═══ Data extract
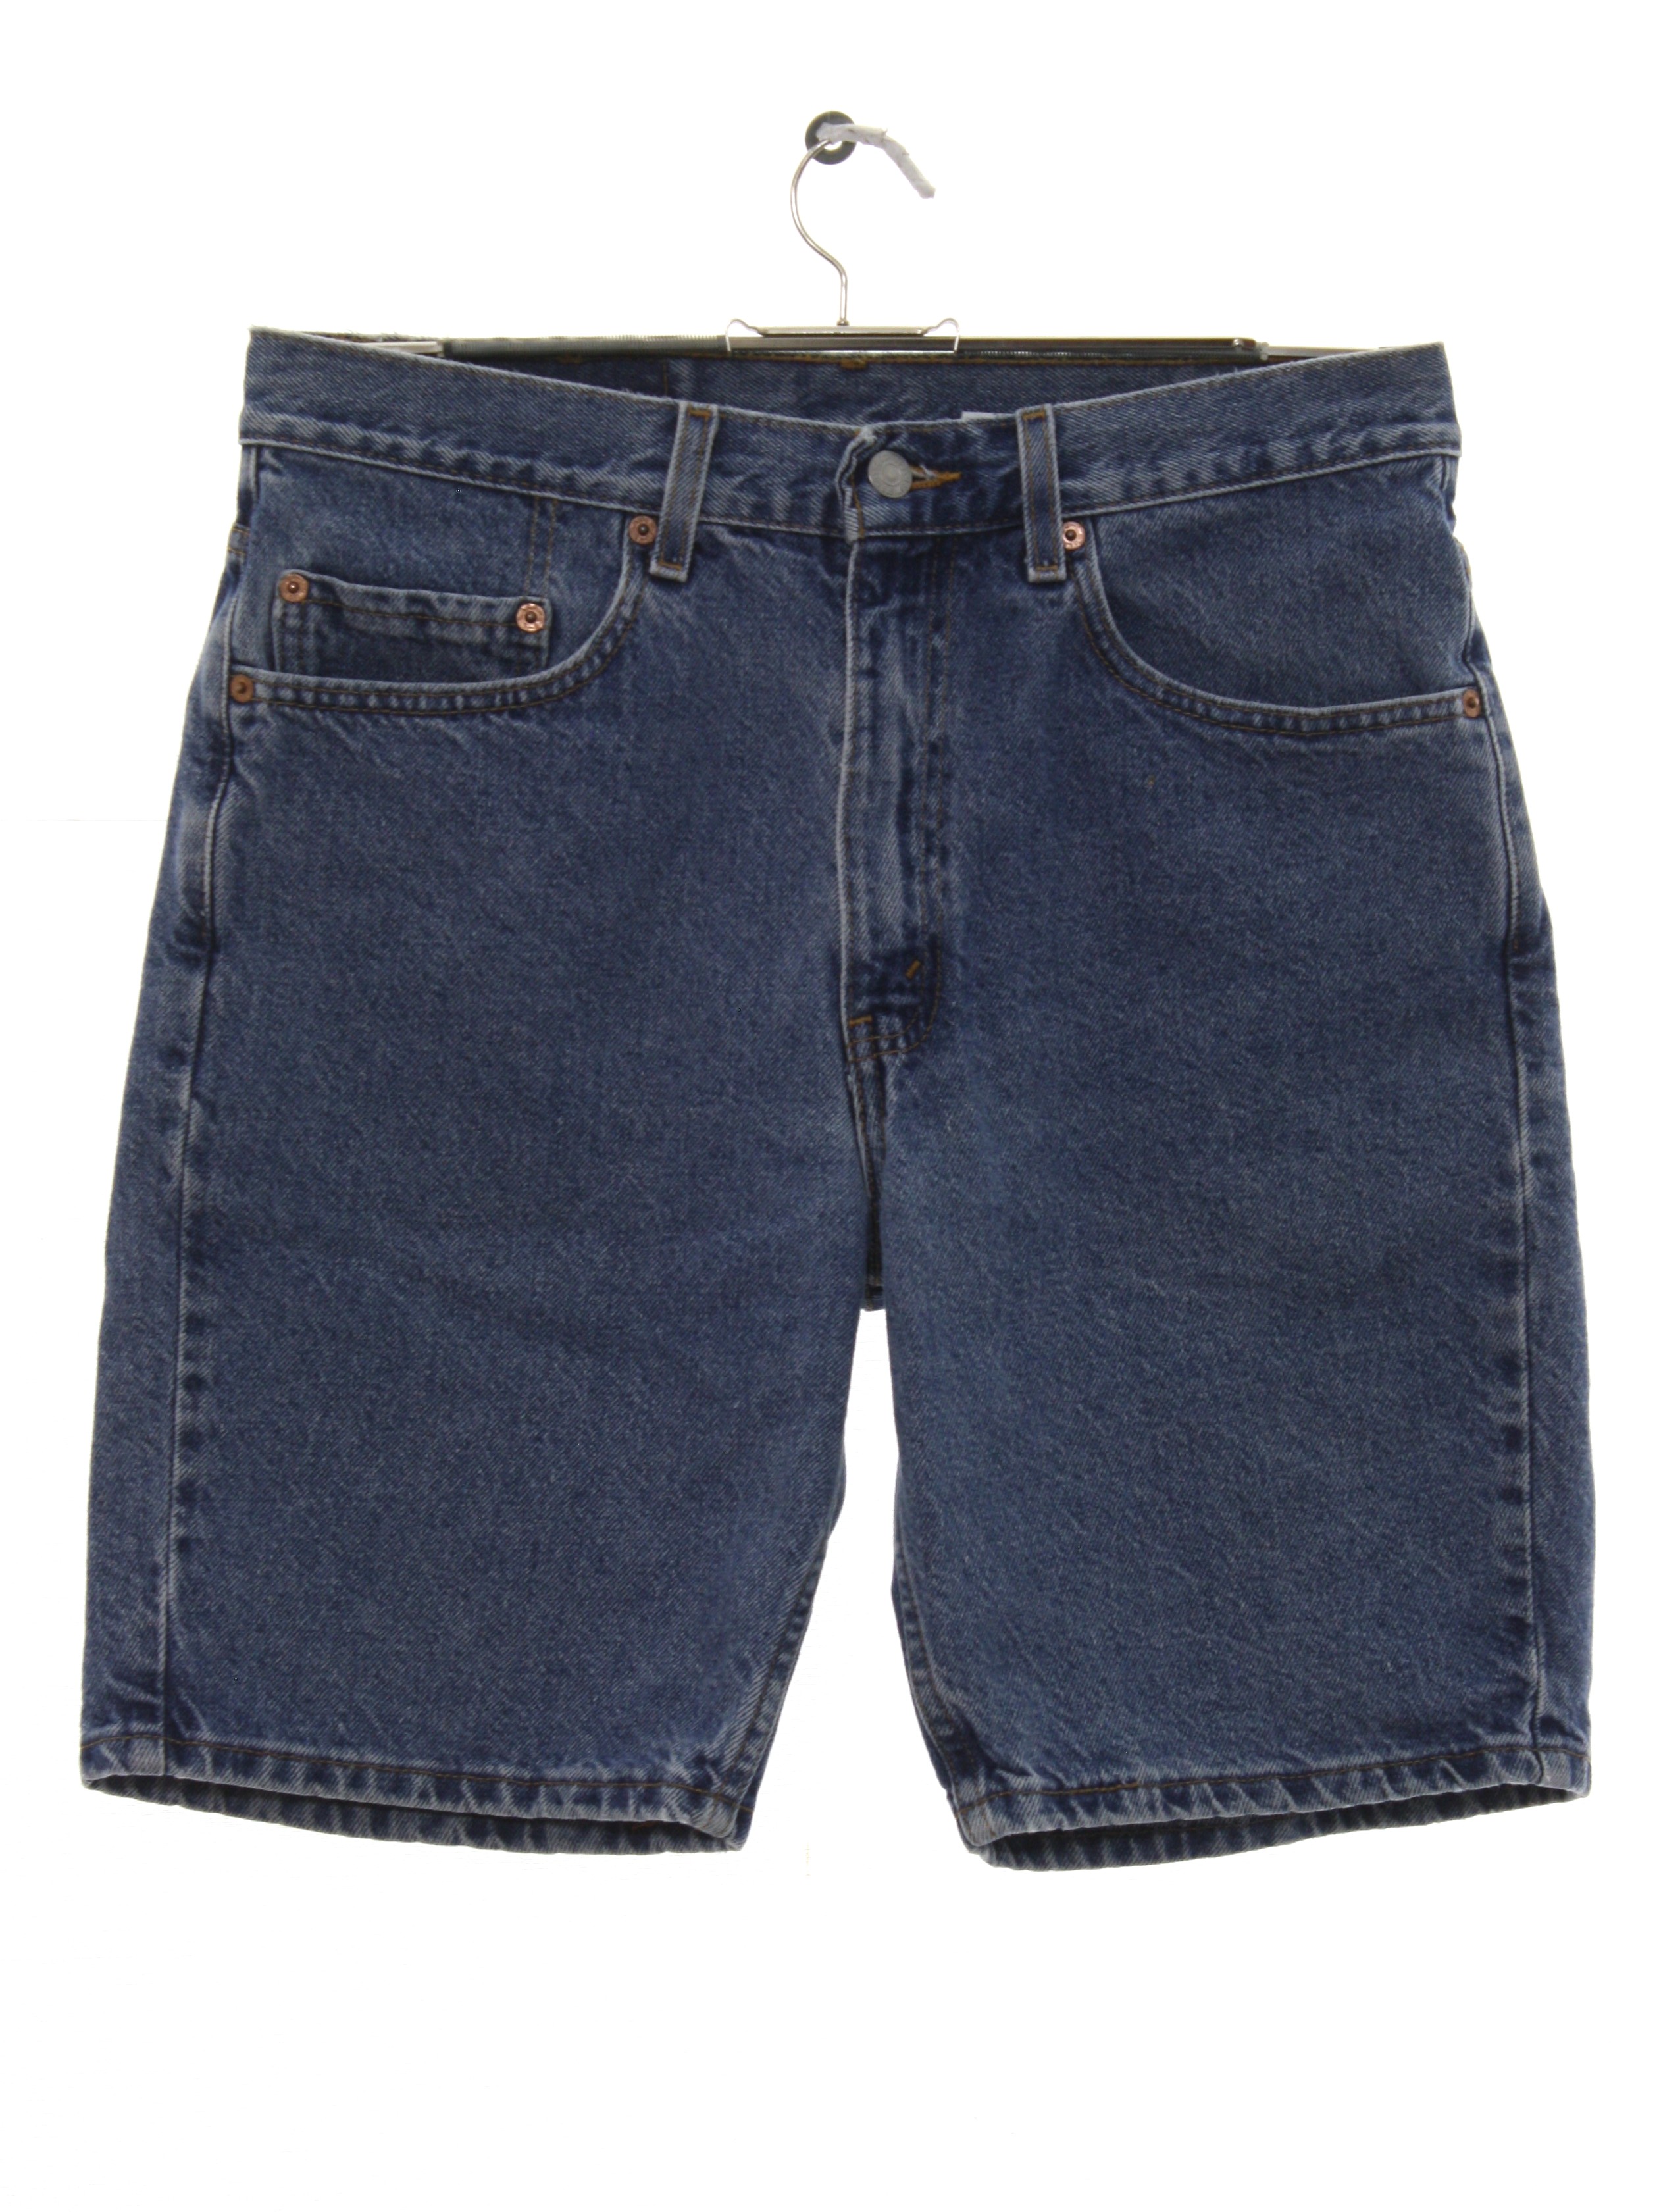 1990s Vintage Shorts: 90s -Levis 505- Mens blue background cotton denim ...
══════
═══ Data extract
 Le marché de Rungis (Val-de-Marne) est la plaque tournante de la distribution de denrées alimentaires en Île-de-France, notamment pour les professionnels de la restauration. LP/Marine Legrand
══════
═══ Data extract
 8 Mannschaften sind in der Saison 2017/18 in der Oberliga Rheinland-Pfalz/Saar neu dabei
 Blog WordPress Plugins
══════
• [Task statement]:
An exact copy of the lines above, from the one containing "8 Mannschaften sind" through the one containing "Blog WordPress Plugins", is the whole of the answer.

• [Solution]:
 8 Mannschaften sind in der Saison 2017/18 in der Oberliga Rheinland-Pfalz/Saar neu dabei
 Blog WordPress Plugins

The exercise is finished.